§ **Problem description**
Each record should be reproduced exactly.
** Opening Data under study block **
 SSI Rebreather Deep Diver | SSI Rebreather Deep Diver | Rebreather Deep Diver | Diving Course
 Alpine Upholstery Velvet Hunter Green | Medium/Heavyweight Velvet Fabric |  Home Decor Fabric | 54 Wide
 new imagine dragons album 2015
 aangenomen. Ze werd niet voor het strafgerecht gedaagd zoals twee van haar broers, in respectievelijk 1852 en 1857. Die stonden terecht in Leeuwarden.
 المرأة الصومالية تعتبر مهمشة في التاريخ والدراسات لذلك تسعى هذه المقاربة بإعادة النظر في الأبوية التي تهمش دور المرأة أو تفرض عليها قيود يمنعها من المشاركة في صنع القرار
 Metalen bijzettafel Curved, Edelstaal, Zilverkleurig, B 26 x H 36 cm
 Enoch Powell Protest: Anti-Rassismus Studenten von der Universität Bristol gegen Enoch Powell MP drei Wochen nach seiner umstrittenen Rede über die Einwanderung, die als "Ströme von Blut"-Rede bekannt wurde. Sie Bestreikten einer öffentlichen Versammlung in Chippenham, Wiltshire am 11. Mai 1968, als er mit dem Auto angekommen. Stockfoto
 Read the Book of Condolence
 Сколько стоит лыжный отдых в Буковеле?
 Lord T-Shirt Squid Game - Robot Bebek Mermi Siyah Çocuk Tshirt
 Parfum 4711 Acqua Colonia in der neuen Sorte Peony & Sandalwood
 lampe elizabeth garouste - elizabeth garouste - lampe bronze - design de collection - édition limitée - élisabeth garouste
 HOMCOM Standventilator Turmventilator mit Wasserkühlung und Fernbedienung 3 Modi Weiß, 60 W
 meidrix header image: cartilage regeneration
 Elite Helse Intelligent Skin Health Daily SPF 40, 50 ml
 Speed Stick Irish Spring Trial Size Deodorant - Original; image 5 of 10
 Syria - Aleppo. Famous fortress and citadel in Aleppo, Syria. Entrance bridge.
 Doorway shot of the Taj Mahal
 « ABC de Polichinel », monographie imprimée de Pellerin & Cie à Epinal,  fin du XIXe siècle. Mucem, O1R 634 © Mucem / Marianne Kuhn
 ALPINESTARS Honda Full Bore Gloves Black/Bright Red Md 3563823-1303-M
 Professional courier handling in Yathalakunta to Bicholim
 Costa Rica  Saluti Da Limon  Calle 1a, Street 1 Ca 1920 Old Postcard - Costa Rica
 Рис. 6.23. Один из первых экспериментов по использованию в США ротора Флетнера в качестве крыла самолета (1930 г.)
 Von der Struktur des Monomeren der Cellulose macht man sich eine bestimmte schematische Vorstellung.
** Closing Data under study block **
§ **Expected answer**
 SSI Rebreather Deep Diver | SSI Rebreather Deep Diver | Rebreather Deep Diver | Diving Course
 Alpine Upholstery Velvet Hunter Green | Medium/Heavyweight Velvet Fabric |  Home Decor Fabric | 54 Wide
 new imagine dragons album 2015
 aangenomen. Ze werd niet voor het strafgerecht gedaagd zoals twee van haar broers, in respectievelijk 1852 en 1857. Die stonden terecht in Leeuwarden.
 المرأة الصومالية تعتبر مهمشة في التاريخ والدراسات لذلك تسعى هذه المقاربة بإعادة النظر في الأبوية التي تهمش دور المرأة أو تفرض عليها قيود يمنعها من المشاركة في صنع القرار
 Metalen bijzettafel Curved, Edelstaal, Zilverkleurig, B 26 x H 36 cm
 Enoch Powell Protest: Anti-Rassismus Studenten von der Universität Bristol gegen Enoch Powell MP drei Wochen nach seiner umstrittenen Rede über die Einwanderung, die als "Ströme von Blut"-Rede bekannt wurde. Sie Bestreikten einer öffentlichen Versammlung in Chippenham, Wiltshire am 11. Mai 1968, als er mit dem Auto angekommen. Stockfoto
 Read the Book of Condolence
 Сколько стоит лыжный отдых в Буковеле?
 Lord T-Shirt Squid Game - Robot Bebek Mermi Siyah Çocuk Tshirt
 Parfum 4711 Acqua Colonia in der neuen Sorte Peony & Sandalwood
 lampe elizabeth garouste - elizabeth garouste - lampe bronze - design de collection - édition limitée - élisabeth garouste
 HOMCOM Standventilator Turmventilator mit Wasserkühlung und Fernbedienung 3 Modi Weiß, 60 W
 meidrix header image: cartilage regeneration
 Elite Helse Intelligent Skin Health Daily SPF 40, 50 ml
 Speed Stick Irish Spring Trial Size Deodorant - Original; image 5 of 10
 Syria - Aleppo. Famous fortress and citadel in Aleppo, Syria. Entrance bridge.
 Doorway shot of the Taj Mahal
 « ABC de Polichinel », monographie imprimée de Pellerin & Cie à Epinal,  fin du XIXe siècle. Mucem, O1R 634 © Mucem / Marianne Kuhn
 ALPINESTARS Honda Full Bore Gloves Black/Bright Red Md 3563823-1303-M
 Professional courier handling in Yathalakunta to Bicholim
 Costa Rica  Saluti Da Limon  Calle 1a, Street 1 Ca 1920 Old Postcard - Costa Rica
 Рис. 6.23. Один из первых экспериментов по использованию в США ротора Флетнера в качестве крыла самолета (1930 г.)
 Von der Struktur des Monomeren der Cellulose macht man sich eine bestimmte schematische Vorstellung.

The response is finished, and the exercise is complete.